Mills argued that Mansfield wouldn't be trailing were it not for SEANC's involvement.

"If they were not there, their candidate would lose," Mills said. "She has put together no campaign whatsoever. Without them, she would not be a factor."

Mansfield's campaign reported raising $231,134 in the first quarter of this year, including $70,000 Mansfield loaned his campaign.

SEANC's involvement leveled the playing field and is unusual, said long-time campaign consultant Gary Pearce, who has mainly worked with Democrats.

"It's a legitimate issue for Mansfield's campaign to raise because she would owe a lot to the state employees association," Pearce said.

Noting Mansfield has gotten thousands of dollars in campaign donations from doctors, Pearce said the question could easily be asked of him what he might owe his fellow physicians. Coleman's flier does note that Mansfield voted for medical malpractice reform, which limits lawsuits against doctors.

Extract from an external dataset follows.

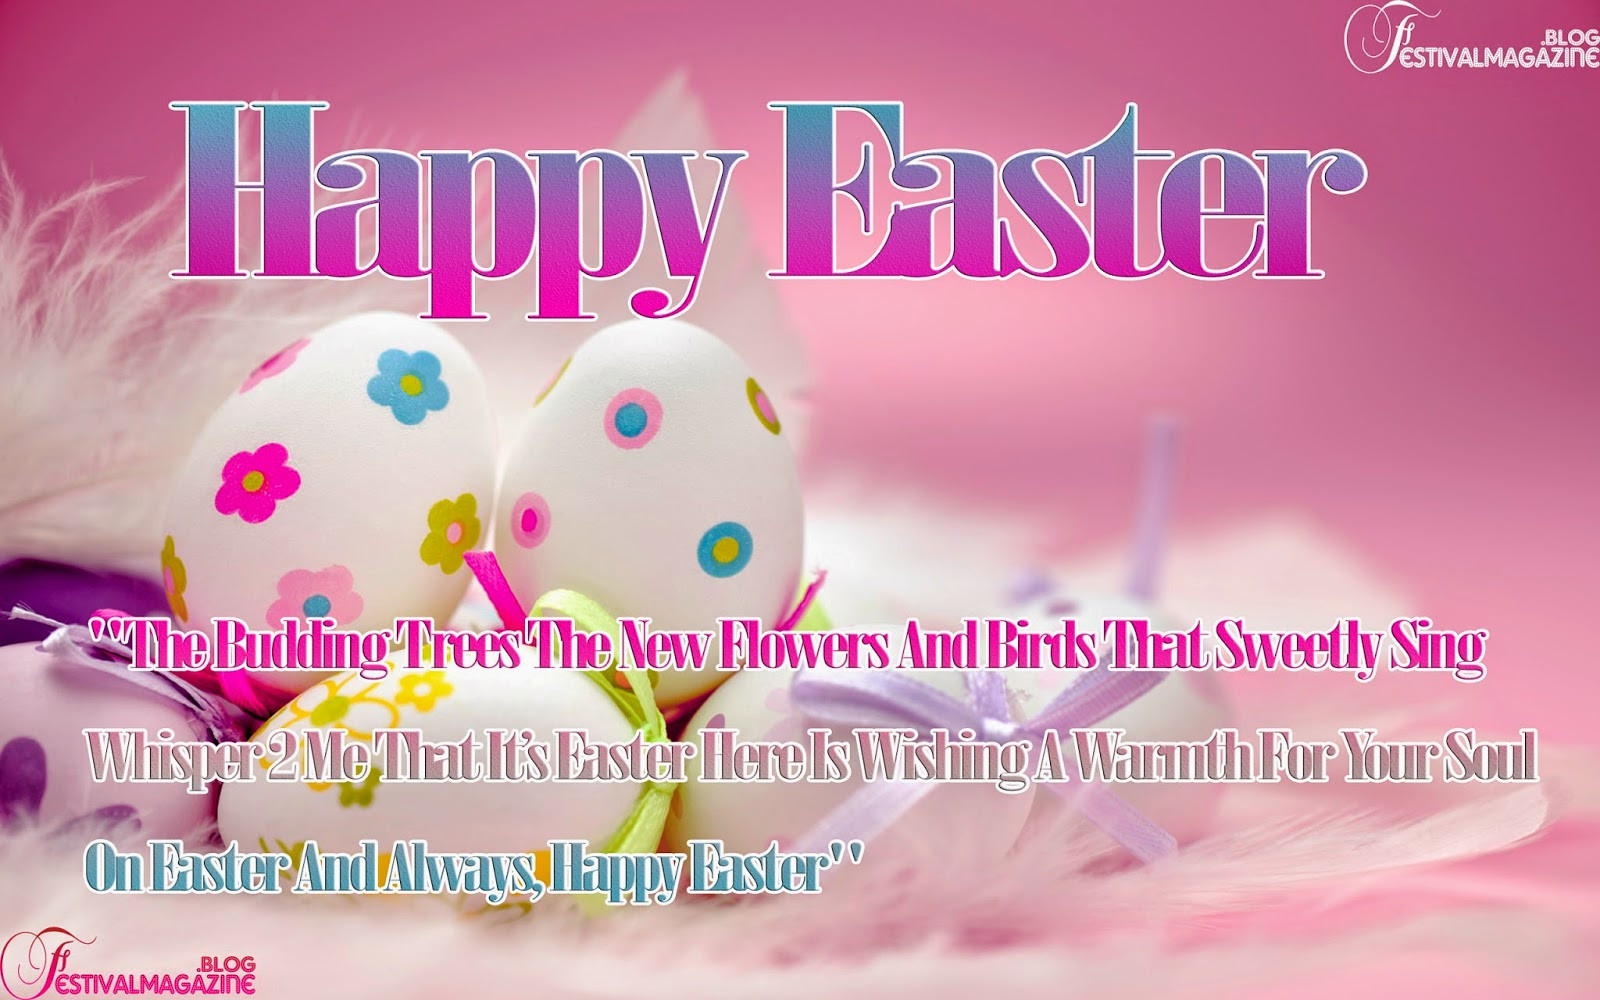 Quotes For Easter Wishes
 Festival Magazine Happy Easter Day Wallpapers With

"I don't know if you're going to find another campaign in North Carolina where an interest group was so dominant in the race," Pearce said.

Crone said Coleman has relied on SEANC in large part due to the nature of this year's campaign. Gov. Bev Perdue announced in January that she would not run for re-election, prompting incumbent Lt. Gov. Walter Dalton, a Democrat, to jump into the gubernatorial primary.

That gave candidates like Coleman, who would not have run against Dalton, only a few months to raise the money need to pursue a statewide campaign, Crone said.

"We've basically run a 12-week campaign," he said. "There was no ability for Coleman to get out and build a base of small donors."